Our analysis of anticipated spec development starts points to a continued easing in development, with 16m sq ft of spec deemed likely come forward over the next 12 months. However, given the continued rises in interest rates and dampened economic outlook, it is likely that many developers may delay putting spades in the ground without securing a pre-let, reducing the anticipated volume.
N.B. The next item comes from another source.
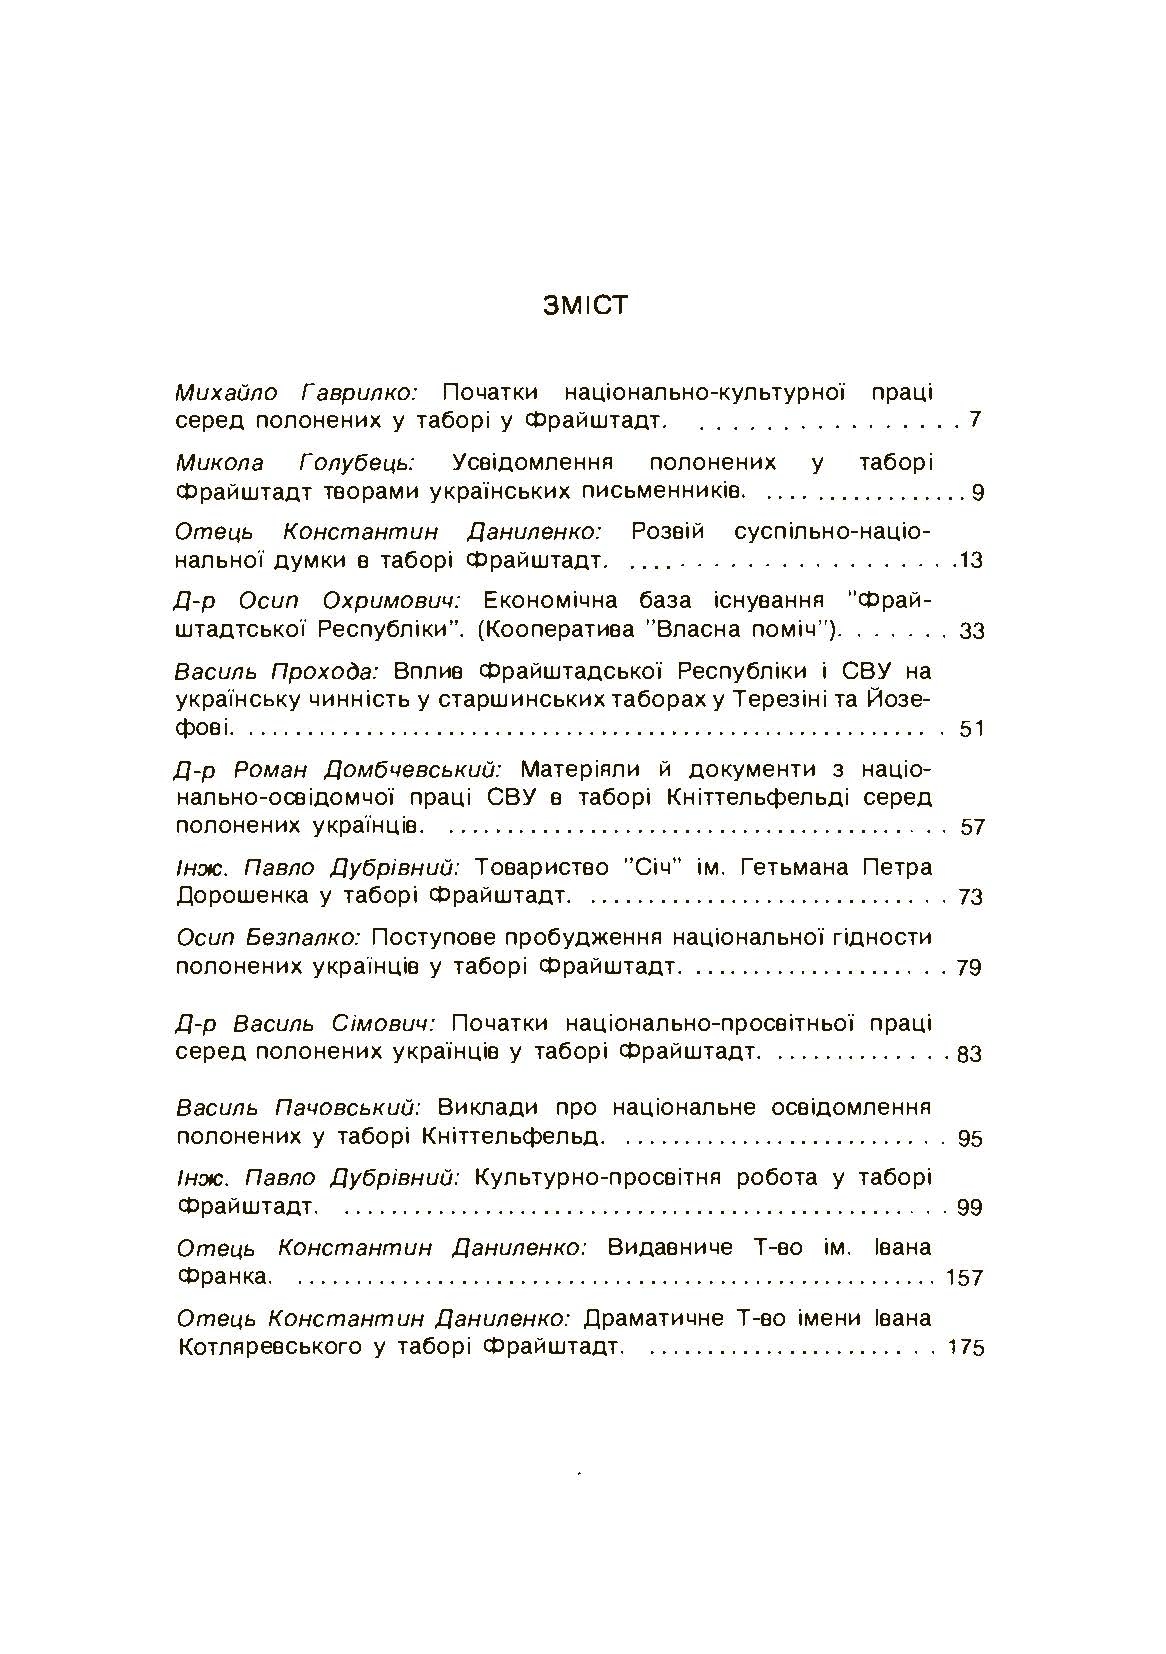 Союз визволення України: 1914-1918. Відень. Автор — Колектив авторів.

Positively, the slowing pipeline should assuage any fears of potential oversupply in the market, with supply expected to peak towards the end of 2023 then gradually contract during 2024 amid improving confidence in the occupier market.
LAND VALUES STABILISE
While the turbulence in the financial markets impacted heavily on land values in the second half of 2022, a degree of stability has returned in 2023. According LSH’s UK industrial land value index, prevailing sentiment indicates that average values fell by 5% during H1 2023, compared to the sharp fall of 36% in H2 2022.
PRIME RENTAL GROWTH EASES
The pace of rental growth has been easing since the heights of 2021 but, unlike other property sectors, it remains firmly in positive territory. Across the UK’s 60 key markets, average prime rents for 50,000 sq ft units increased by 8% over the 12 months to June 2023, down from 15% in 2021. Growth also eased through the period, increasing 3% in H1 2023, down from 4% in H2 2022. However, rental growth has varied considerably, with the key markets of the North West recording average growth of 13% over the last 12 months.
Given occupiers preference for quality space with strong ESG credentials, and a slowing in the development pipeline, growth rates are forecast to continue easing as opposed to falling in absolute terms, but nonetheless compare favourably with other property sectors in the current climate.